__Material for this task__:
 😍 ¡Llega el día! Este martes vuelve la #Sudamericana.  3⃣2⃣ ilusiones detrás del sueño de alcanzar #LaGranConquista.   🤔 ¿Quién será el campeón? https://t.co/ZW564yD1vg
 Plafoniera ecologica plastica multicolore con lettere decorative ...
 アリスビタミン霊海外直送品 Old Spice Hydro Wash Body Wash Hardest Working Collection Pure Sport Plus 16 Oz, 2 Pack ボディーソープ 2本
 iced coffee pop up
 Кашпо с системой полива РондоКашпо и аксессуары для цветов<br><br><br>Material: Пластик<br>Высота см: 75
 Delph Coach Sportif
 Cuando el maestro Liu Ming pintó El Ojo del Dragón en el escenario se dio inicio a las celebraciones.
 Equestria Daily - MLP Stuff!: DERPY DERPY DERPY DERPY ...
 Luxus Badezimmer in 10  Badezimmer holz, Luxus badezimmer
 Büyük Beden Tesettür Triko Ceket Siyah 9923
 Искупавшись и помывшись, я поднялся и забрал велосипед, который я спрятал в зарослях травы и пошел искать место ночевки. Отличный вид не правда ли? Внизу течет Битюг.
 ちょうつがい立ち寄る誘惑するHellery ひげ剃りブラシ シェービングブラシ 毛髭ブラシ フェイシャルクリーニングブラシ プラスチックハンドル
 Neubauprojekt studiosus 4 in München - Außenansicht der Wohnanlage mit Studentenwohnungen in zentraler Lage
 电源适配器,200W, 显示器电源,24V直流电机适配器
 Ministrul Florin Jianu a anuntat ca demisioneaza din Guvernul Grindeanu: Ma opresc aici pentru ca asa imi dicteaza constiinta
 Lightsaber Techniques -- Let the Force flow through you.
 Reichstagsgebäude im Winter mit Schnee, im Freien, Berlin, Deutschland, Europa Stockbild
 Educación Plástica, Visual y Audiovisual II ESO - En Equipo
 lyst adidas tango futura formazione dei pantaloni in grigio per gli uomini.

__Instructions for the task__:
Reproduce the entries exactly, but only from their first line to the line holding "Büyük Beden Tesettür Triko Ceket Siyah 9923", with that last line kept.

__Result for this exercise__:
 😍 ¡Llega el día! Este martes vuelve la #Sudamericana.  3⃣2⃣ ilusiones detrás del sueño de alcanzar #LaGranConquista.   🤔 ¿Quién será el campeón? https://t.co/ZW564yD1vg
 Plafoniera ecologica plastica multicolore con lettere decorative ...
 アリスビタミン霊海外直送品 Old Spice Hydro Wash Body Wash Hardest Working Collection Pure Sport Plus 16 Oz, 2 Pack ボディーソープ 2本
 iced coffee pop up
 Кашпо с системой полива РондоКашпо и аксессуары для цветов<br><br><br>Material: Пластик<br>Высота см: 75
 Delph Coach Sportif
 Cuando el maestro Liu Ming pintó El Ojo del Dragón en el escenario se dio inicio a las celebraciones.
 Equestria Daily - MLP Stuff!: DERPY DERPY DERPY DERPY ...
 Luxus Badezimmer in 10  Badezimmer holz, Luxus badezimmer
 Büyük Beden Tesettür Triko Ceket Siyah 9923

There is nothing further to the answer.